#### [Supplied information]
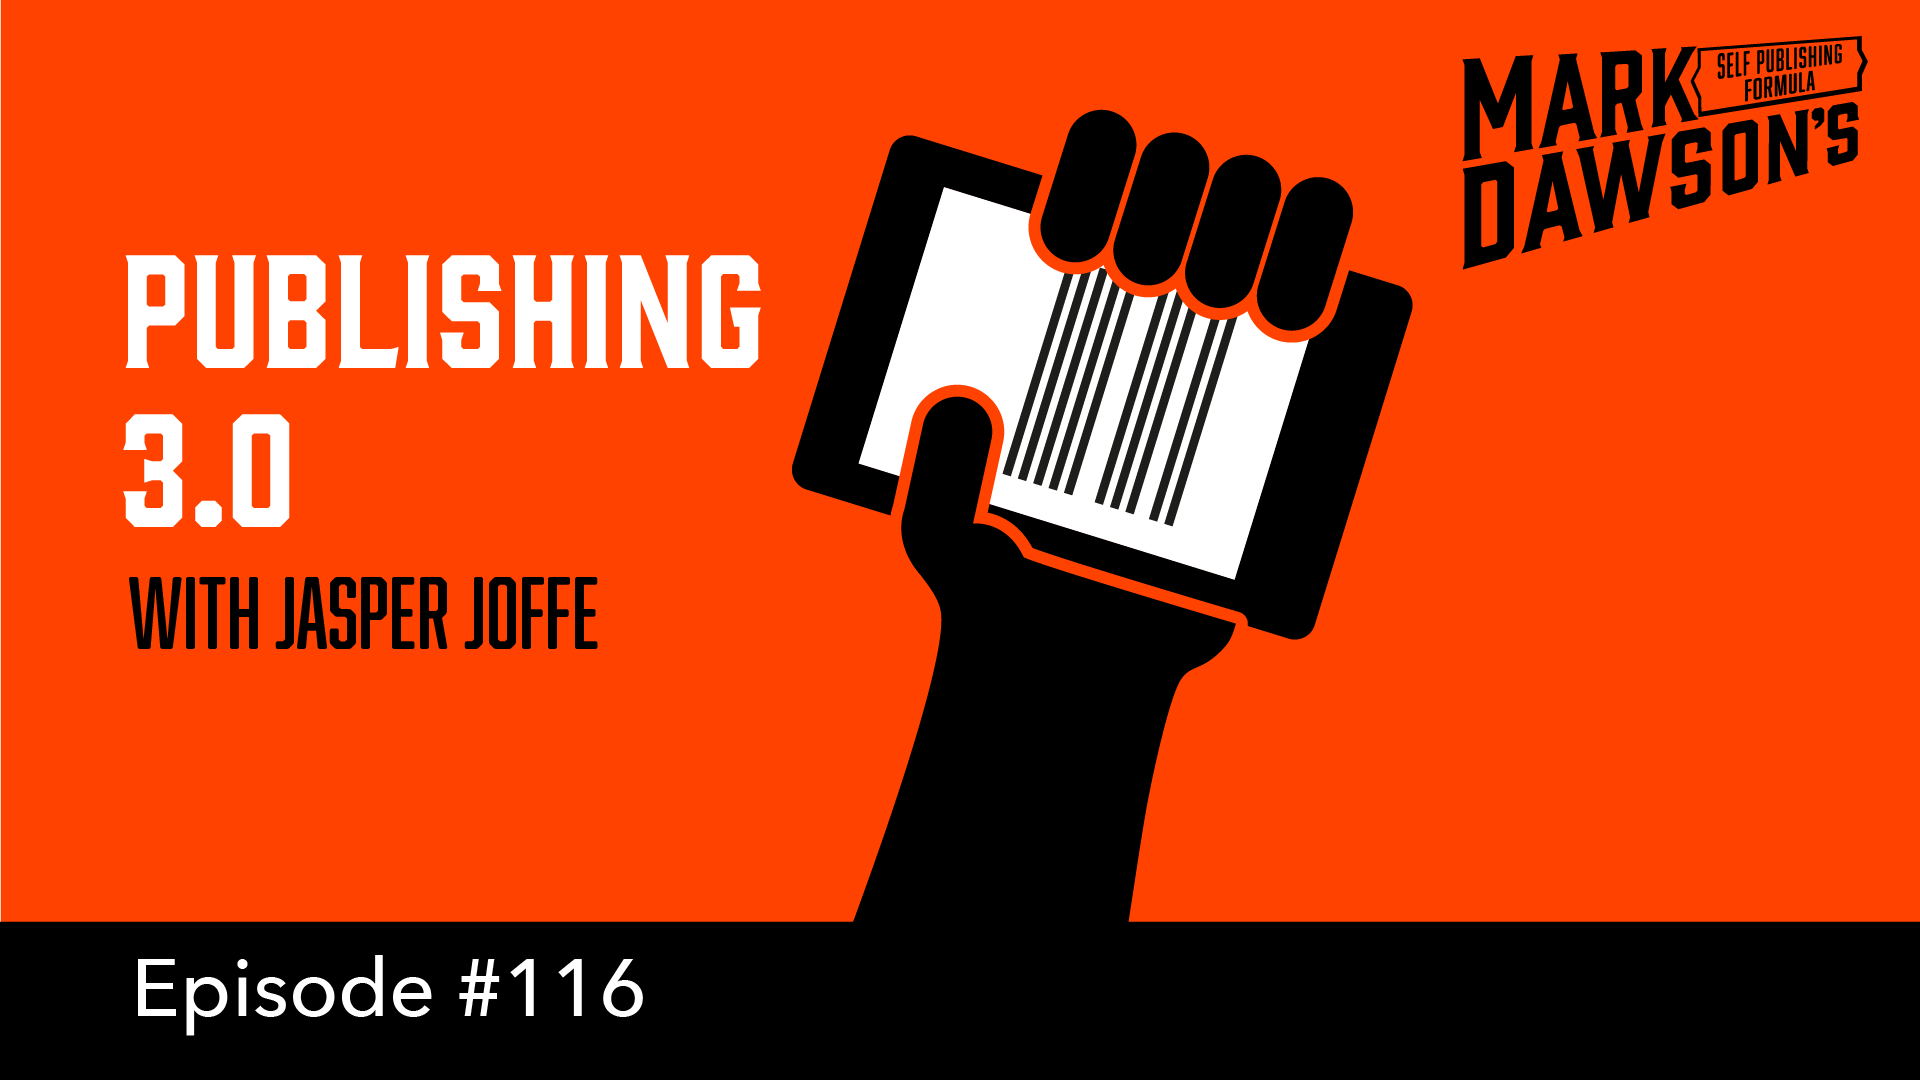 SPF-116: Publishing 3.0 – with Jasper Joffe
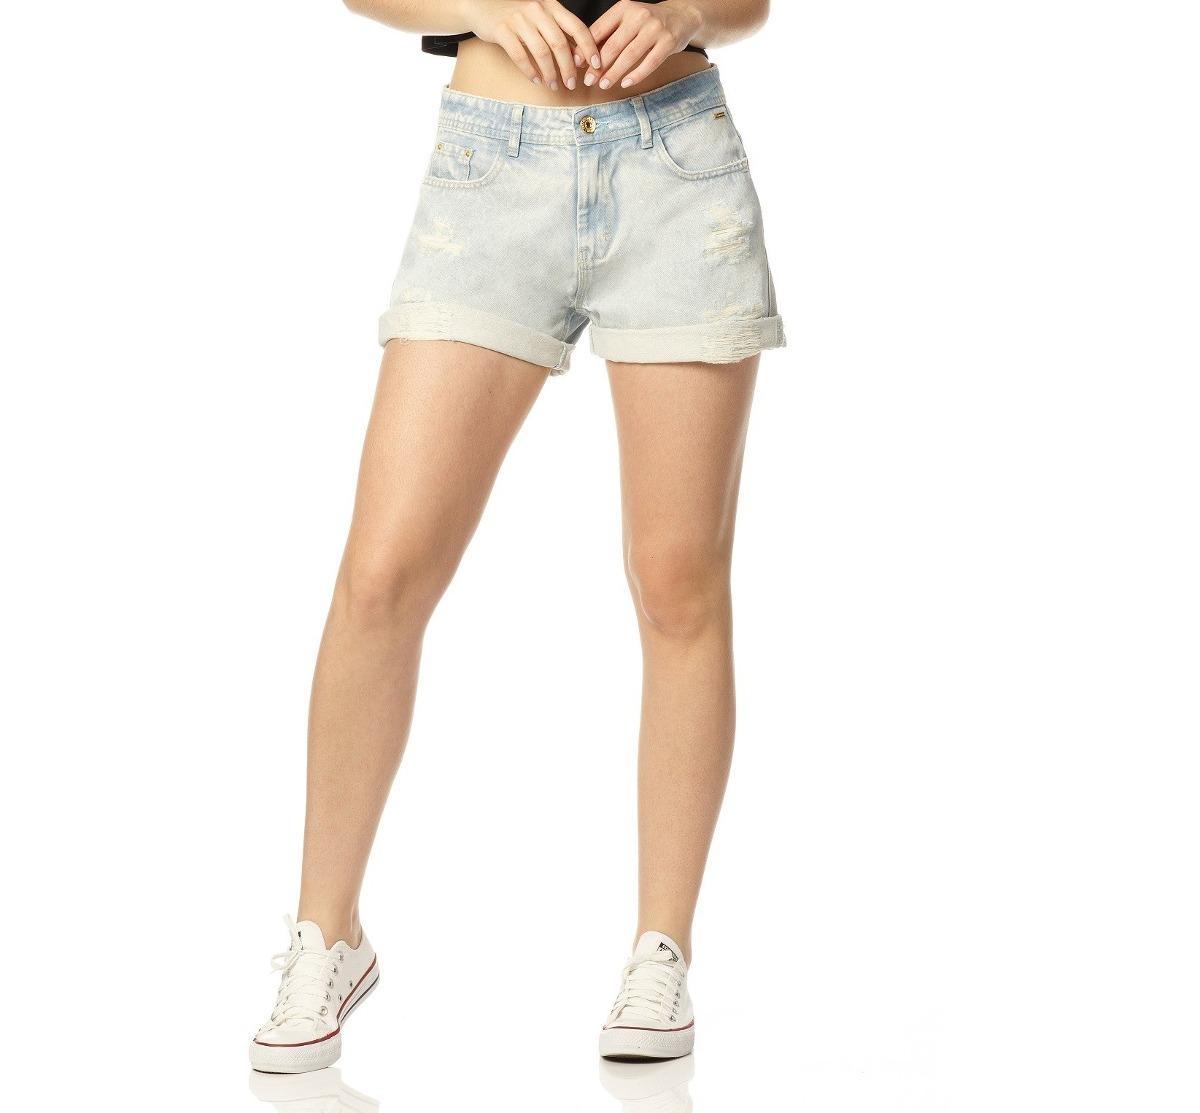 dfaa9d04a Shorts Jeans Feminino Boyfriend Sobreposto-sp6159 - R$ 114,90 em ...
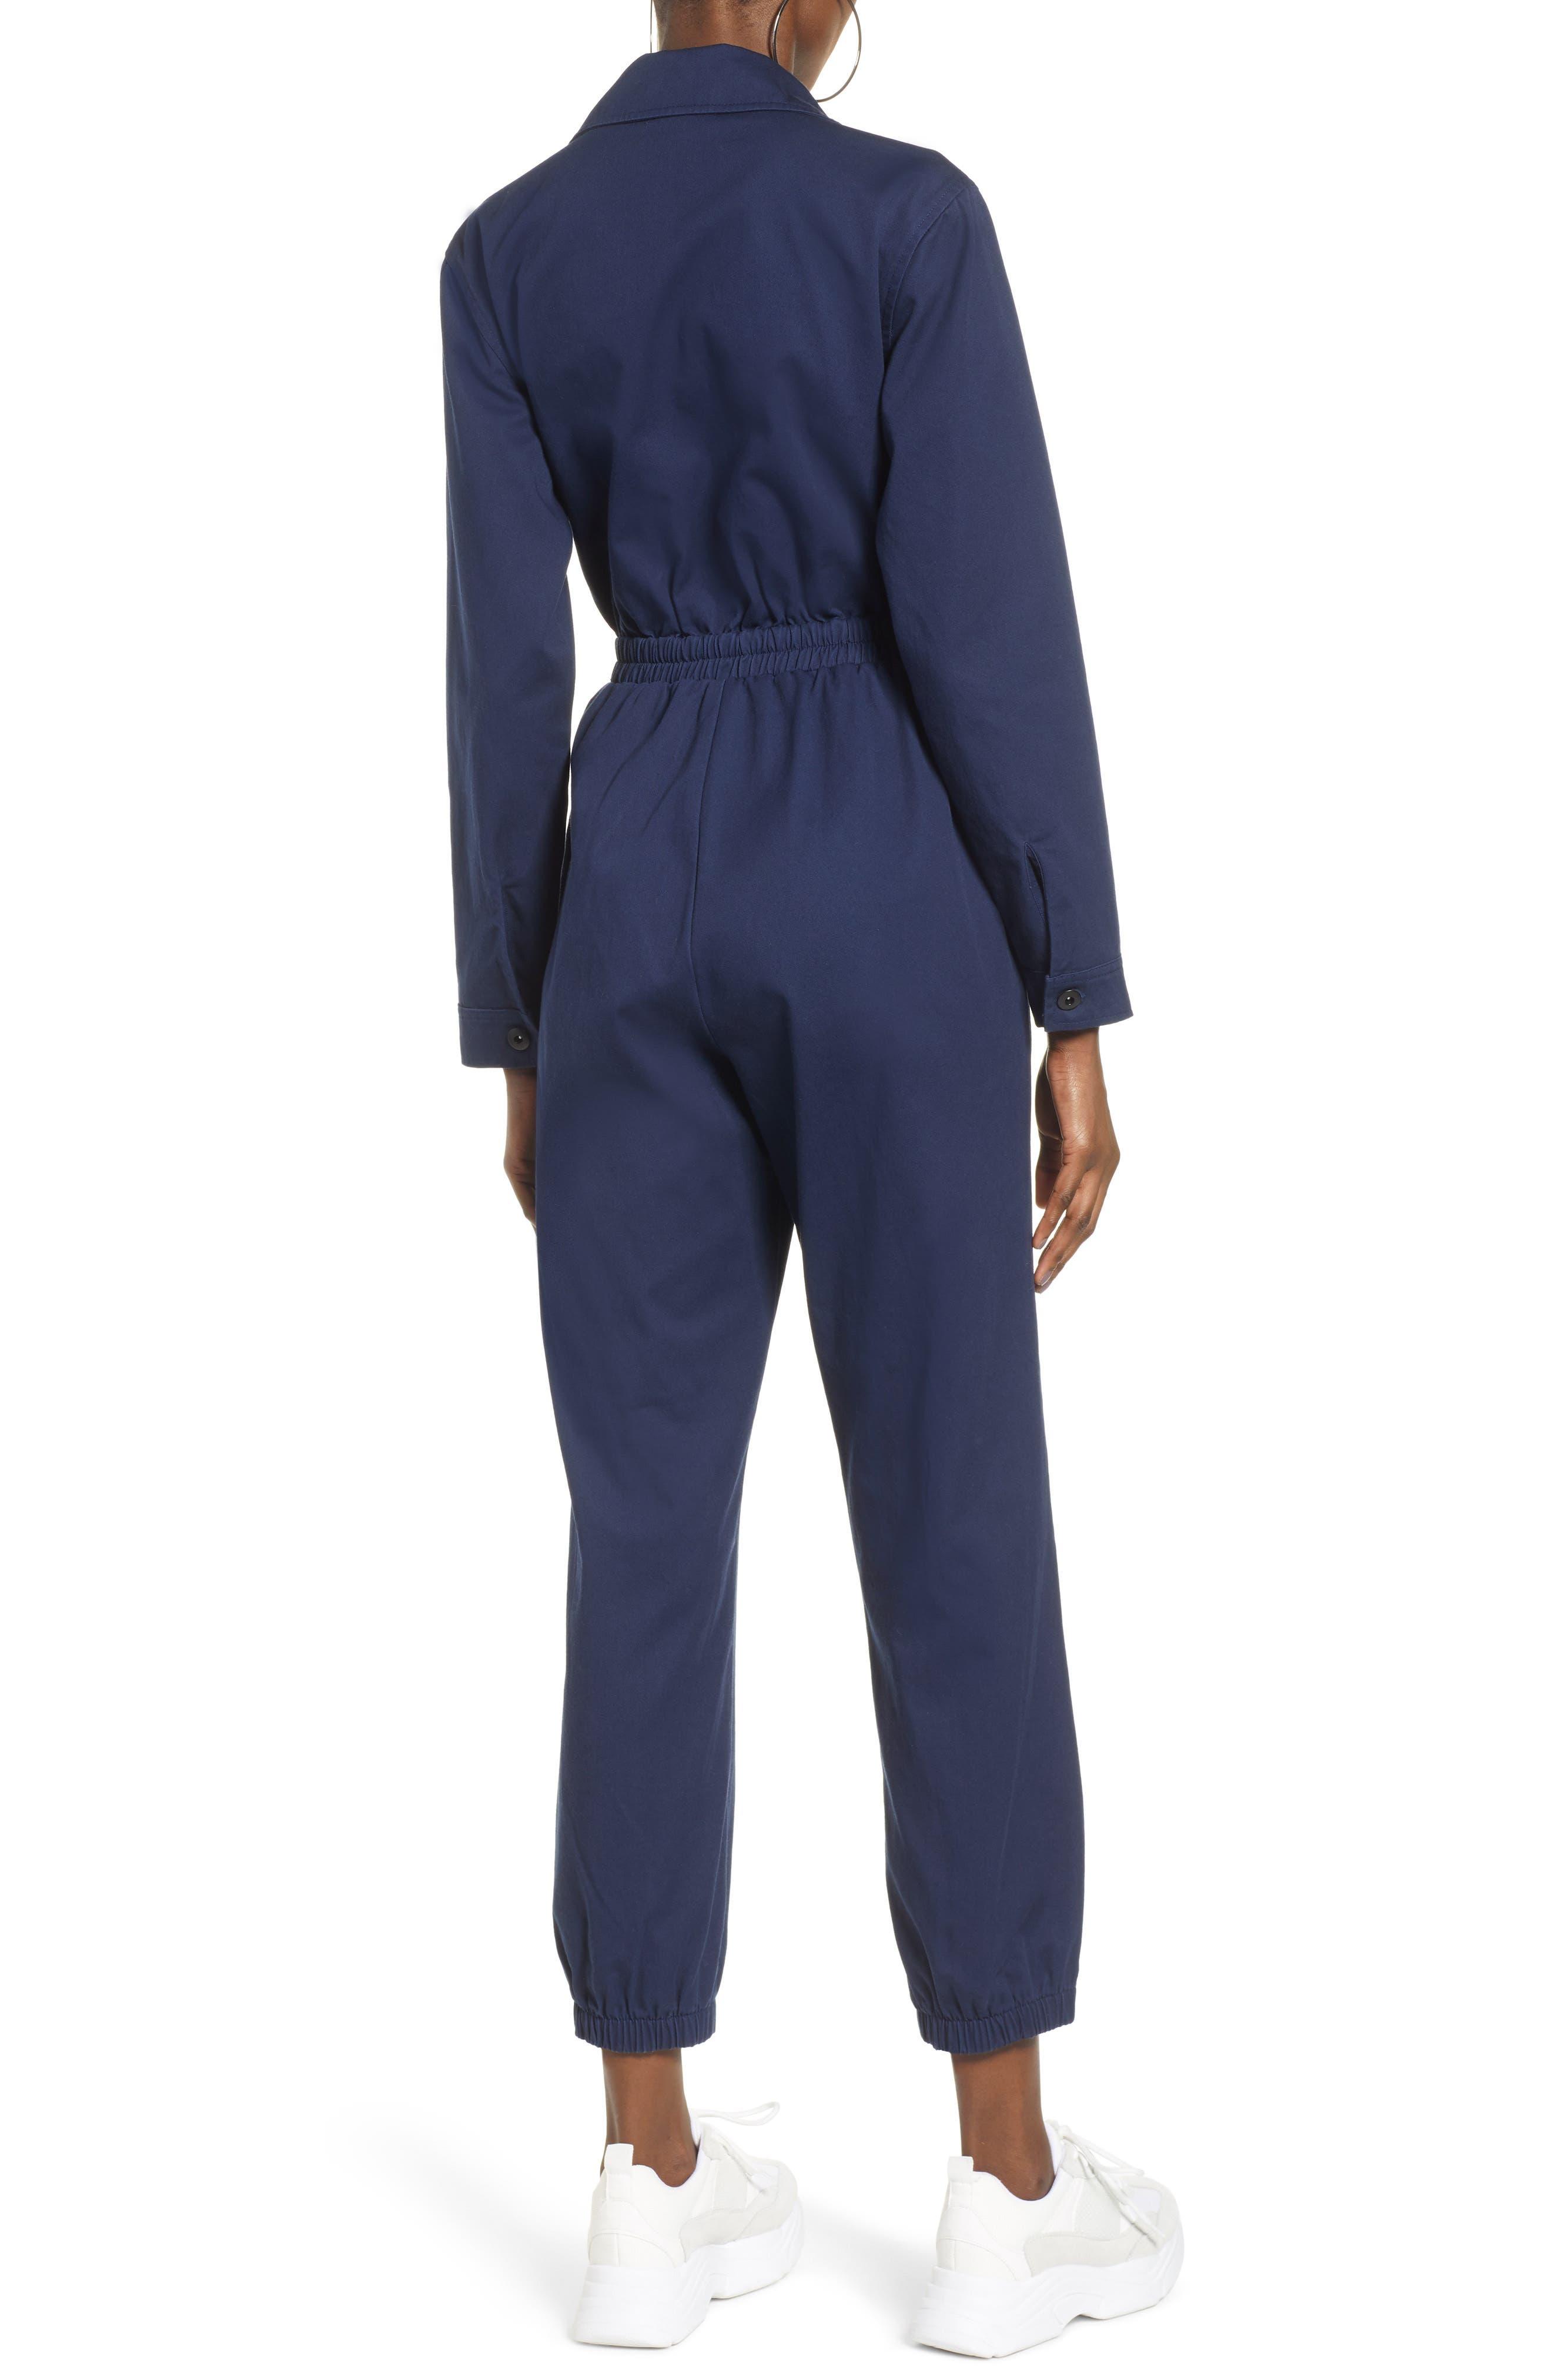 TEN SIXTY SHERMAN, Twill Workwear Jumpsuit, Alternate thumbnail 2, color, 400

#### [Task to complete]
Repeat the data above exactly, images excluded.

#### [Expected output]
 SPF-116: Publishing 3.0 – with Jasper Joffe
 dfaa9d04a Shorts Jeans Feminino Boyfriend Sobreposto-sp6159 - R$ 114,90 em ...
 TEN SIXTY SHERMAN, Twill Workwear Jumpsuit, Alternate thumbnail 2, color, 400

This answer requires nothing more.